Home is a sad and elegaic play, which seems to have gained significance in the decades since it was first performed. Storey absorbs us into the self-contained world of characters who are trapped within themselves, making poignant efforts to connect and to keep the darkness at bay, in a garden that is both and interior and an exterior world. It is not clear that the audience has any right to stand outside in judgement, or whether we belong with them, enclosed within the same walls.

Hamlet

Image by Helen Murray

Hamlet by William Shakespeare – Young Vic Theatre, London

Cush Jumbo’s Hamlet has been a long time in the making. In fact, what with the pandemic and the Young Vic’s long lead times for shows (which allow for some serious forward planning) I booked my tickets around three years ago. Sitting in the front row, it feels as though her performance has been seething and macerating inside her for all that time. She is, from her first appearance on the stage, a wired, angry, upset Hamlet, with more energy than anyone else at Elsinore. Her reaction seems a reasonable response to a court that carries on as though everything is normal when from the outside it appears a grotesque parody of civilised order. Adrian Dunbar’s Claudius and Tara Fitzgerald’s Gertrude are disturbingly urbane, a pair of high achievers who wear tasteful, expensive outfits and power as their natural state. The gilt columns of Anna Fleische’s set resemble a corporate lobby, with more than a hint of Trump’s lift. This Denmark has been slowly and insidiously corrupted until the very fabric of its court is a by-word for greed and hubris.

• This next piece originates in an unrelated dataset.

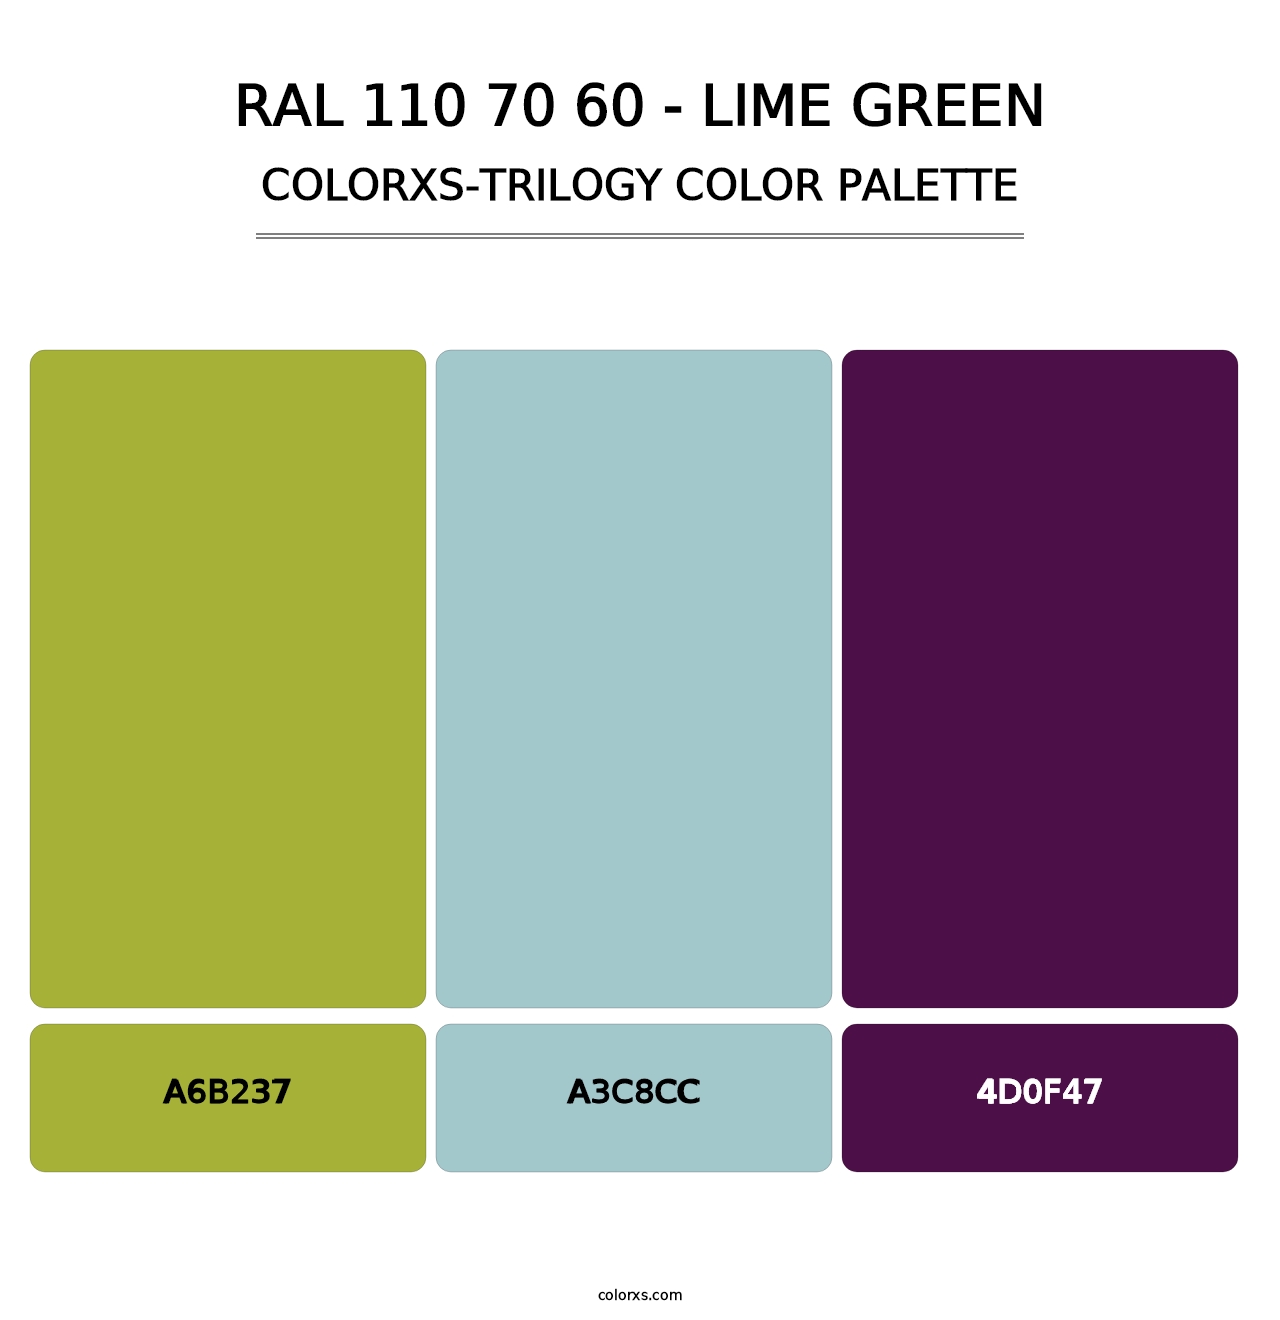 RAL 110 70 60 - Lime Green - Colorxs Trilogy Palette

Hersov, however, chooses not develop the political implications, and his production strips the text down to a family affair. There are as many ways to cut Hamlet as they are productions, but it can be argued that entirely removing Fortinbras and the wider existential threat makes it harder to understand what drives Claudius. Dunbar is respectable and easy until things stop going his way, when he has no problem ordering murder, but the cuts do constrain his part. Fitzgerald is also a little short of opportunities, although that is more Shakespeare’s fault than Hersov’s. However, these are minor issues in the context of Jumbo’s performance, which is electric. She is clearly experiencing a creeping breakdown, driven by grief and anger, and is in a dangerous state. By the time she stabs Polonius she has already come close to knifing several people, and violence is only a matter of time. The big speeches seem forced out of her by the turmoil in her head, and her disintegration during the second half is truly upsetting. This production brings out the insanity of the climactic fight with Laertes, where everyone seems to have lost their reason and descended into the maelstrom together.

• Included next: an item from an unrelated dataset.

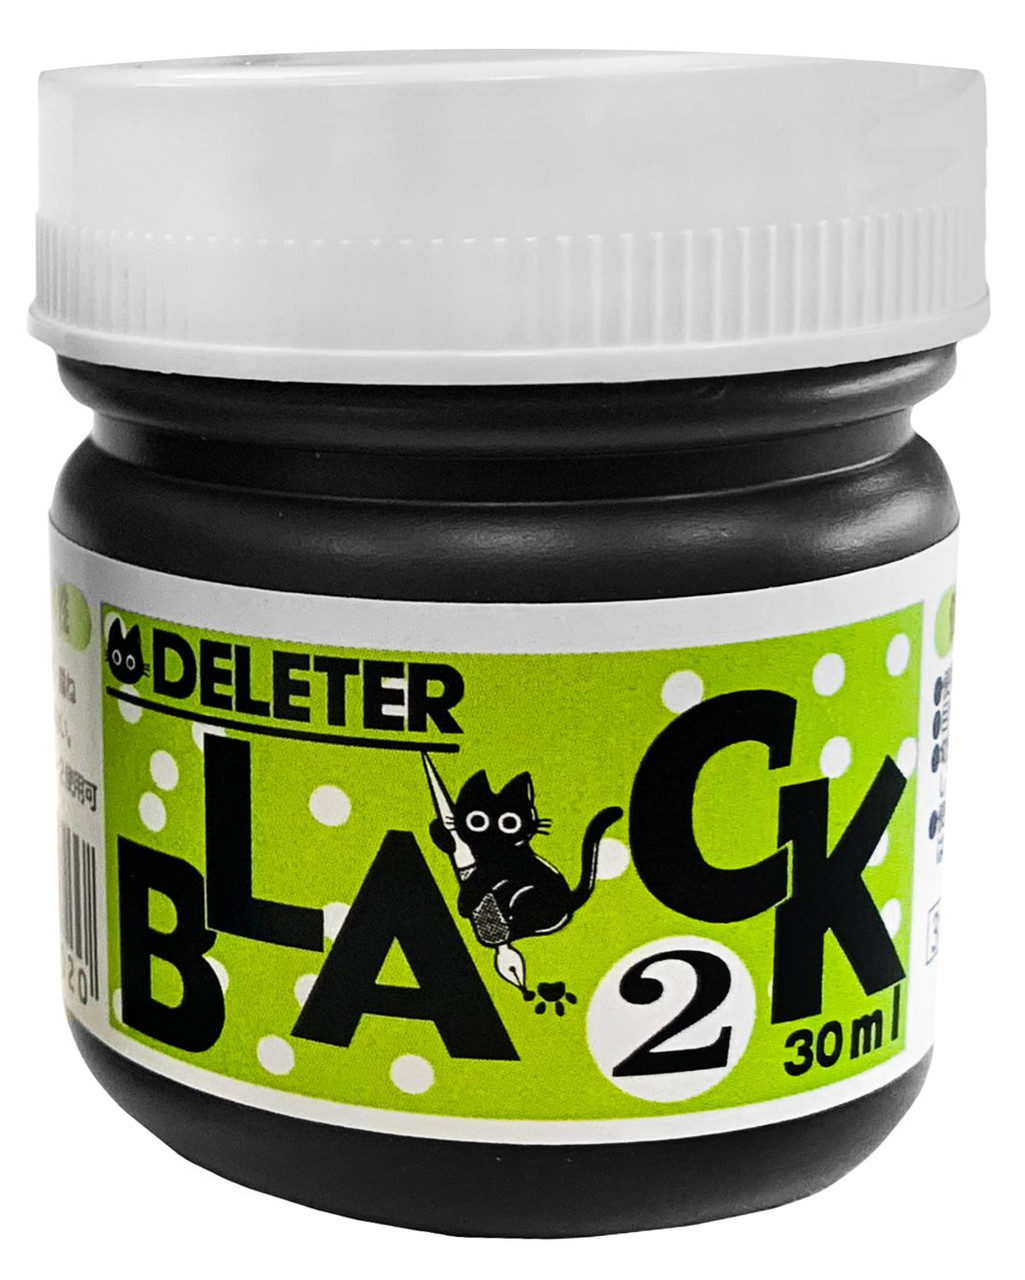 Deleter Black 4 Ink - Waterproof and Extra Dark - 30ml Bottle

It’s hard to take your eyes off Jumbo, but the cast features a number of notable and enjoyable performances. Joseph Marcell’s Polonius is both funny and exceptionally annoying. Norah Lopez Holden delivers a fine Ophelia, whose sibling teasing of Jonathan Ajayi’s Laertes is very convincing, making her destruction by the men around her all the more grim when it comes. Rosencrantz and Guildenstern are well played by Taz Borlar and Joana Borja as vodka-toting student millennials, chillingly cynical presences looking for opportunities to grab. Jonathan Livingstone’s Horatio is an everyman, watching as the world falls apart around him. Hersov’s production is a particular but compelling account of the play, but Cush Jumbo claims this role both for female actors and for herself with a Hamlet that sets the tone for the 2020s, struggling to cope in a world gone badly wrong.